In Sophie Barthes’ Cold Souls (2009), a film I watched with my film group last week, a character feels so burdened down by his soul that he puts it in cold storage. Unfortunately for him, it is stolen and sold on the black market in Russia. (People in the movie traffic in souls as people traffic in human organs, and there are special soul mules who, like drug mules, carry souls across national borders, where they are extracted and sold.) For a while, he ends up with a replacement soul, belonging to a Russian woman in a menial job, but decides he wants his own soul back.

The film is somewhat clever but ultimately unsatisfactory. It fails to offer any interesting insights into the nature of the soul which, after all, is not a thing or even something that can be defined.  The film quotes Descartes as saying that the soul is located in the pineal gland, but that just means it shares Descartes’ limited view of the soul.

A more useful discussion occurs in Care of the Soul by Thomas Moore, who associates the soul with “genuineness and depth.” Moore writes that the soul is simultaneously beyond life and “tied to life in all its particulars—good food, satisfying conversation, genuine friends, and experiences that stay in the memory and touch the heart.” The gratitude we feel when we receive gifts, the warmth we experience when we serve others, are signs of soul. Soul is present when we are enlarged and ennobled by a work of art. We encounter it when we are lifted up in public worship services and comforted in private prayer. Soul presides in our love of other human beings.

In sum, because the Faustus story is culturally familiar, it provides comic filmmakers with a useful cultural framework, but they seldom take on its broader ramifications.

Maybe some of the problem lies with a misunderstanding that Faustus himself demonstrates in Marlowe’s play. Faustus only thinks that he sells his soul to the devil. In fact, the soul can’t be sold because it is not a material object, not a noun.

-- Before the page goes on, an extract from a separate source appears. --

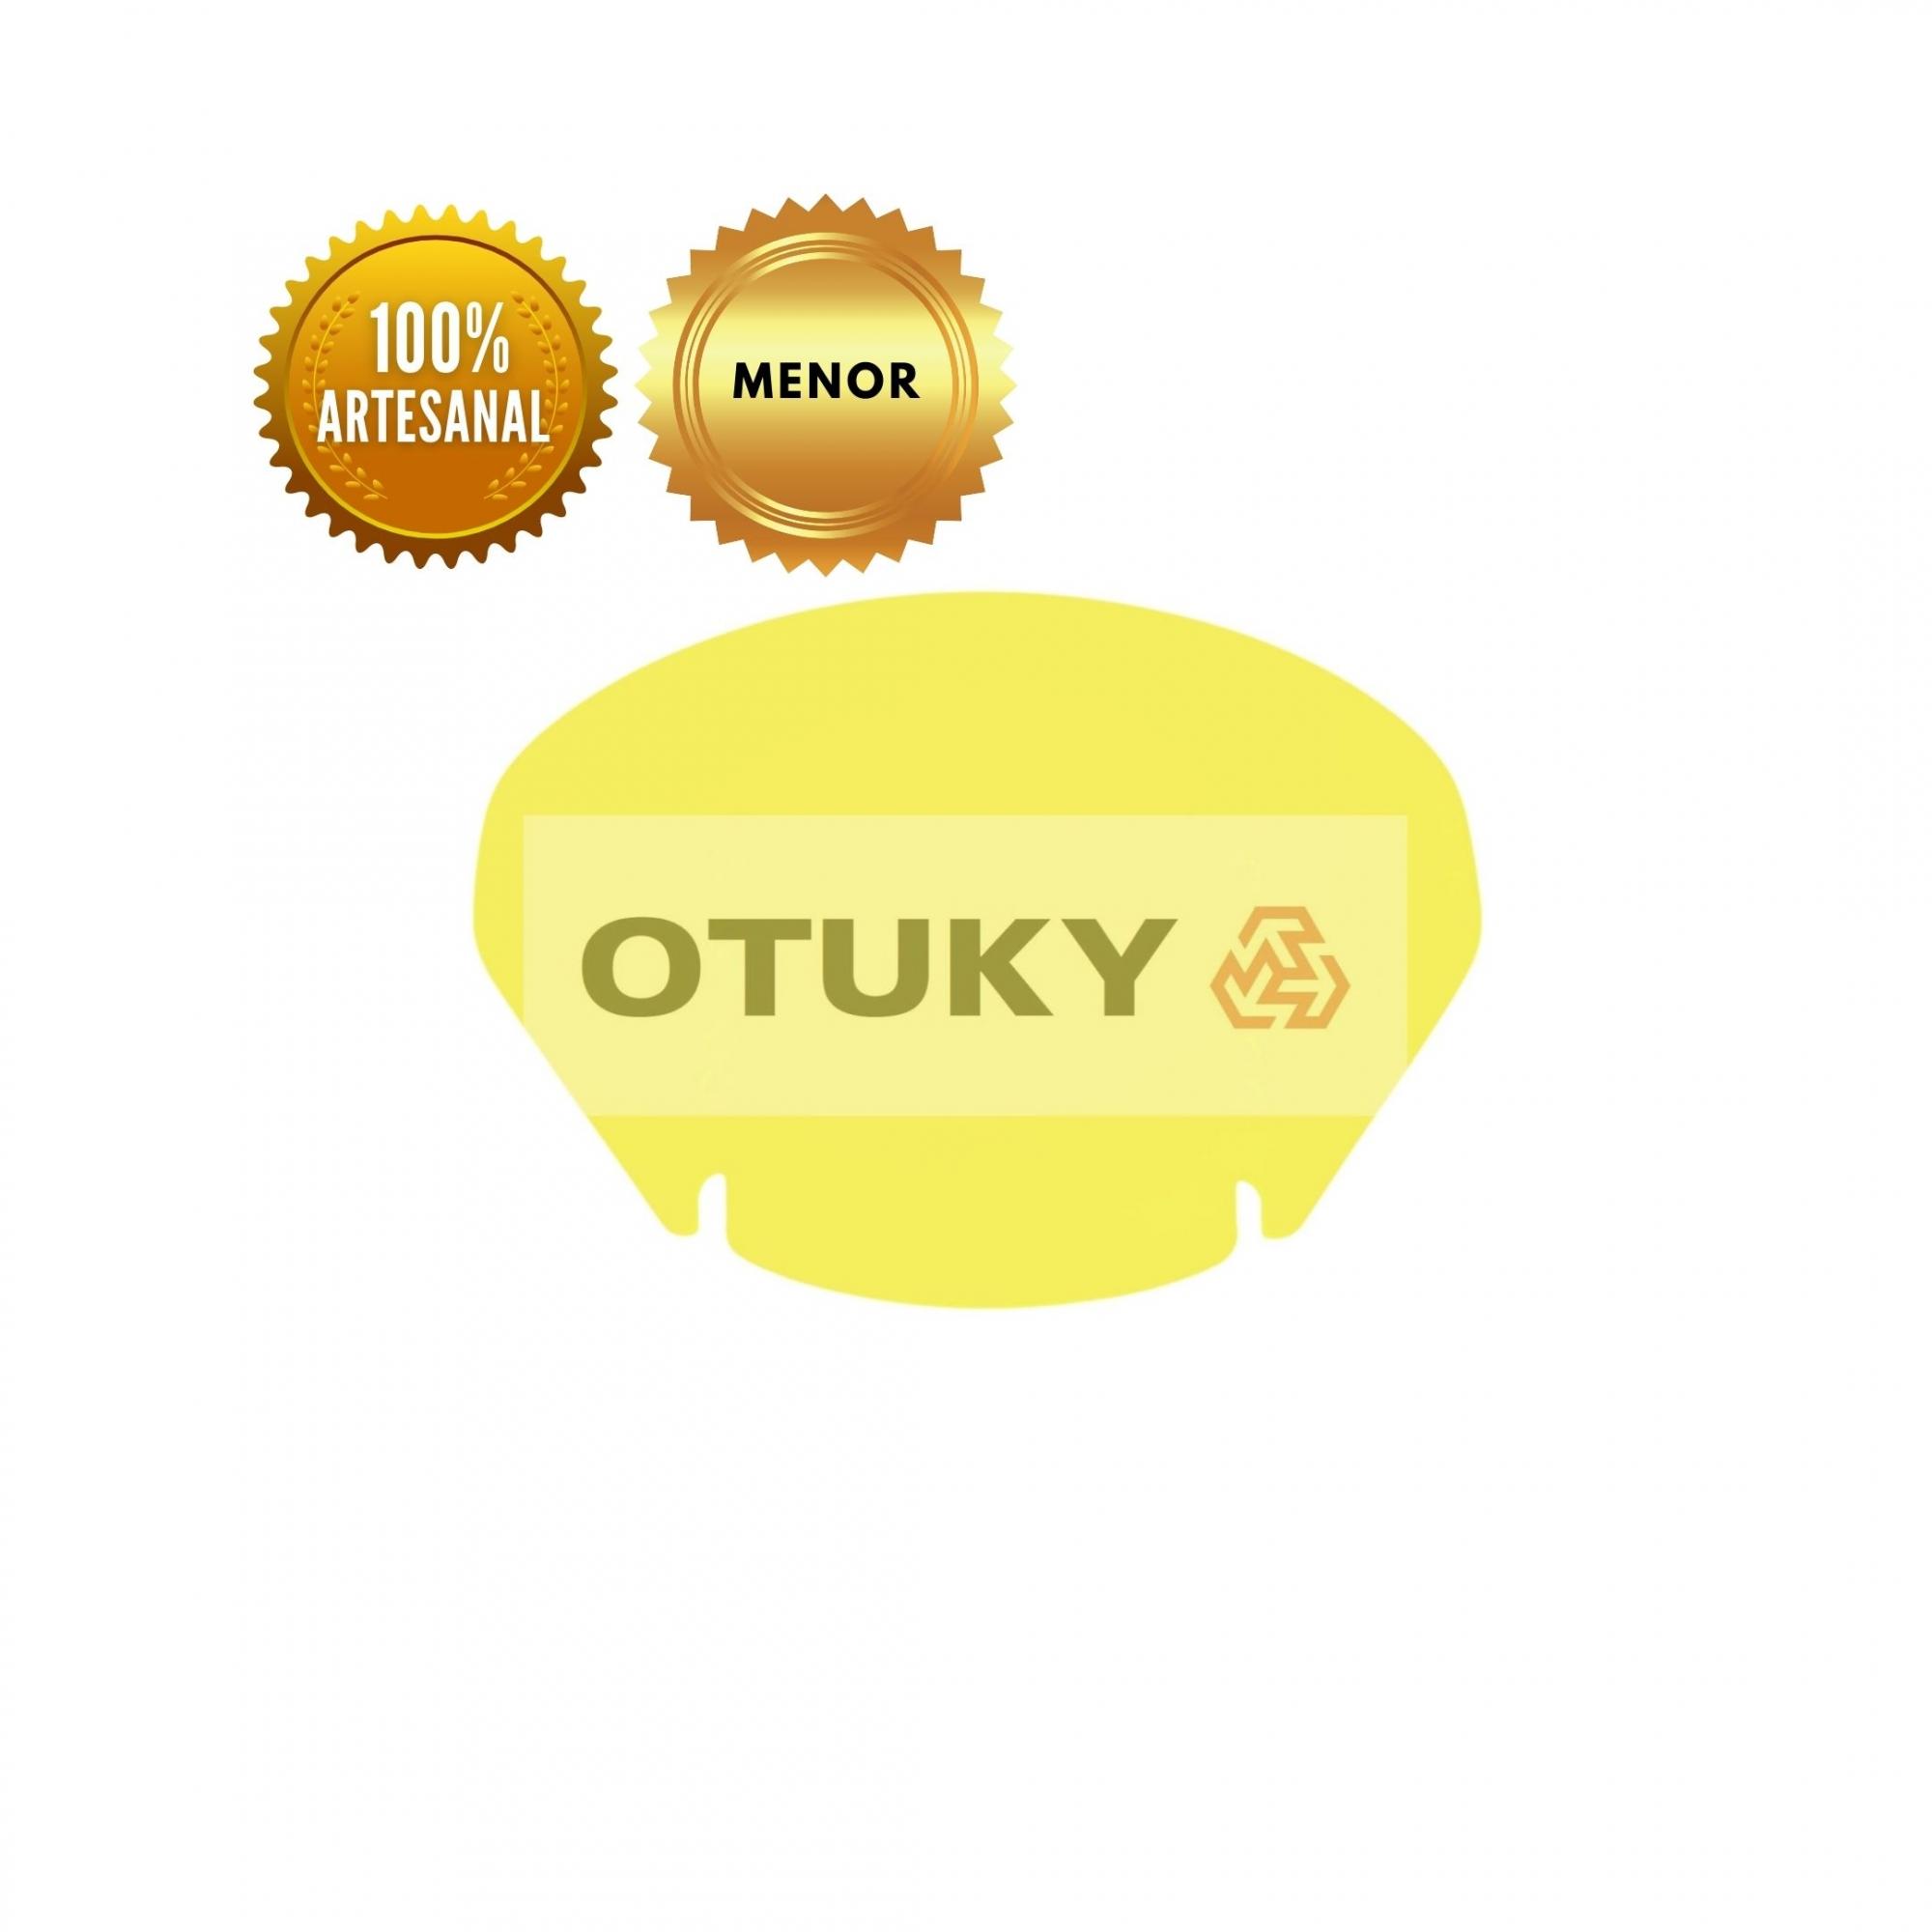 Bolha para Moto V-Strom DL 650 1000 2004 Até 2013 Menor Otuky Amarelo
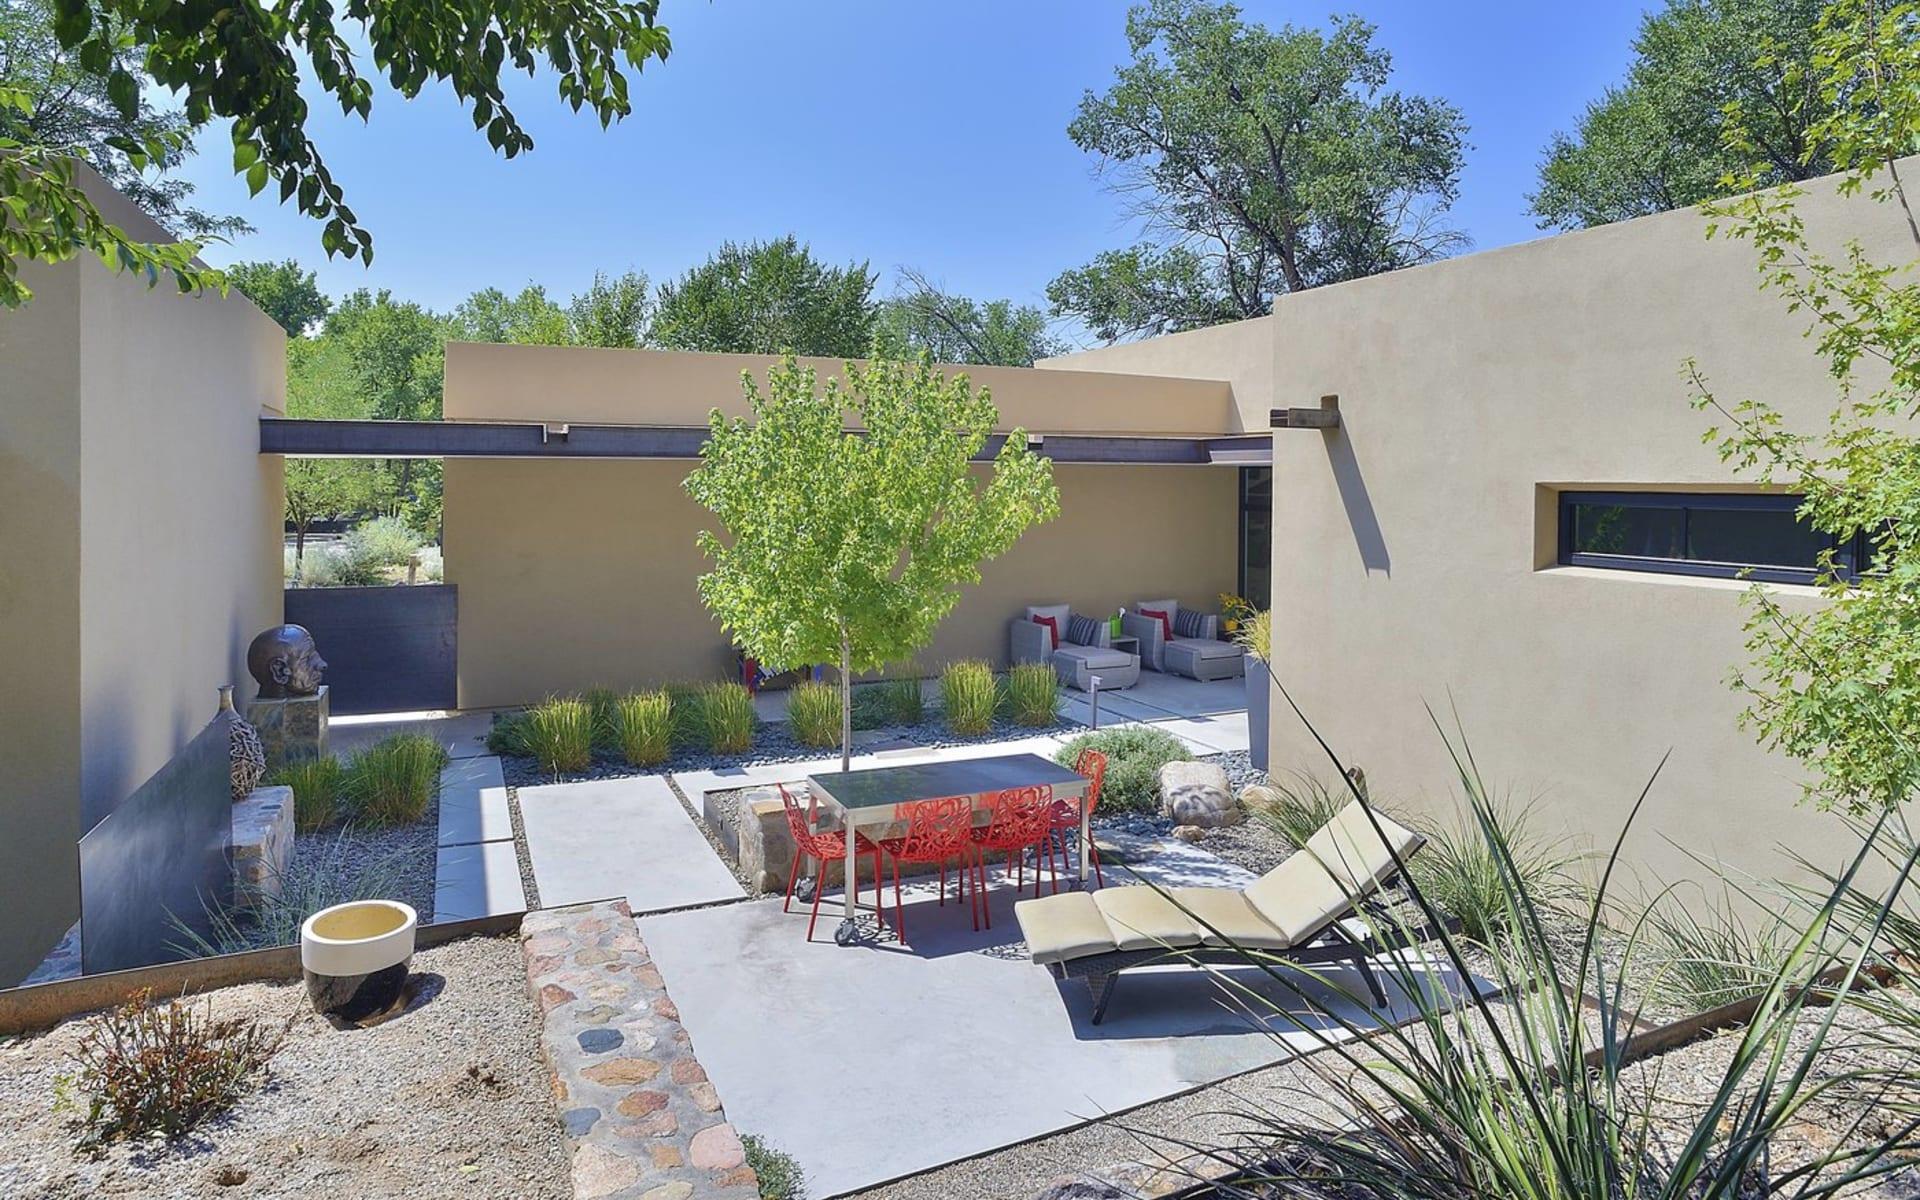 Contemporary Santa Fe Architecture

It is only because he is thinking materially that Faustus thinks that his contract with the devil, signed in his own blood, is final. But as the good angel tells him repeatedly, he can always turn back to his soul (and turn back to God).

The movies I’ve been talking about all start with the premise that the soul can be sold. This forestalls any deeper discussion.

An exception is The Devil’s Advocate, starring Al Pacino as the devil. Keanu Reeves plays an unscrupulous lawyer whose life becomes empty as he uses his legal brilliance on behalf of evil clients.

The film sometimes indulges in caricature and becomes overly dramatic, but it has an ending that (in my eyes) somewhat saves it. Reeves sees the error of his ways, turns toward the good, and rejects both his crooked client and the devil. Everyone is deeply impressed with his actions and begins praising him. Someone mentions political office. As the Reeves character basks in their praise, we see the devil back on the scene. He hasn’t left after all. He has just been fashioning a more subtle temptation.

We’ve had many great movies that show the costs of violating our essence (Citizen Kane for one, The Godfather for another). Living as we do in a wealthy and materialistic society, we are in particular danger of losing sight of what is truly valuable.  Good stories can help us remain true, and the Faustus plot continues to be timely. It’s just not being used very well.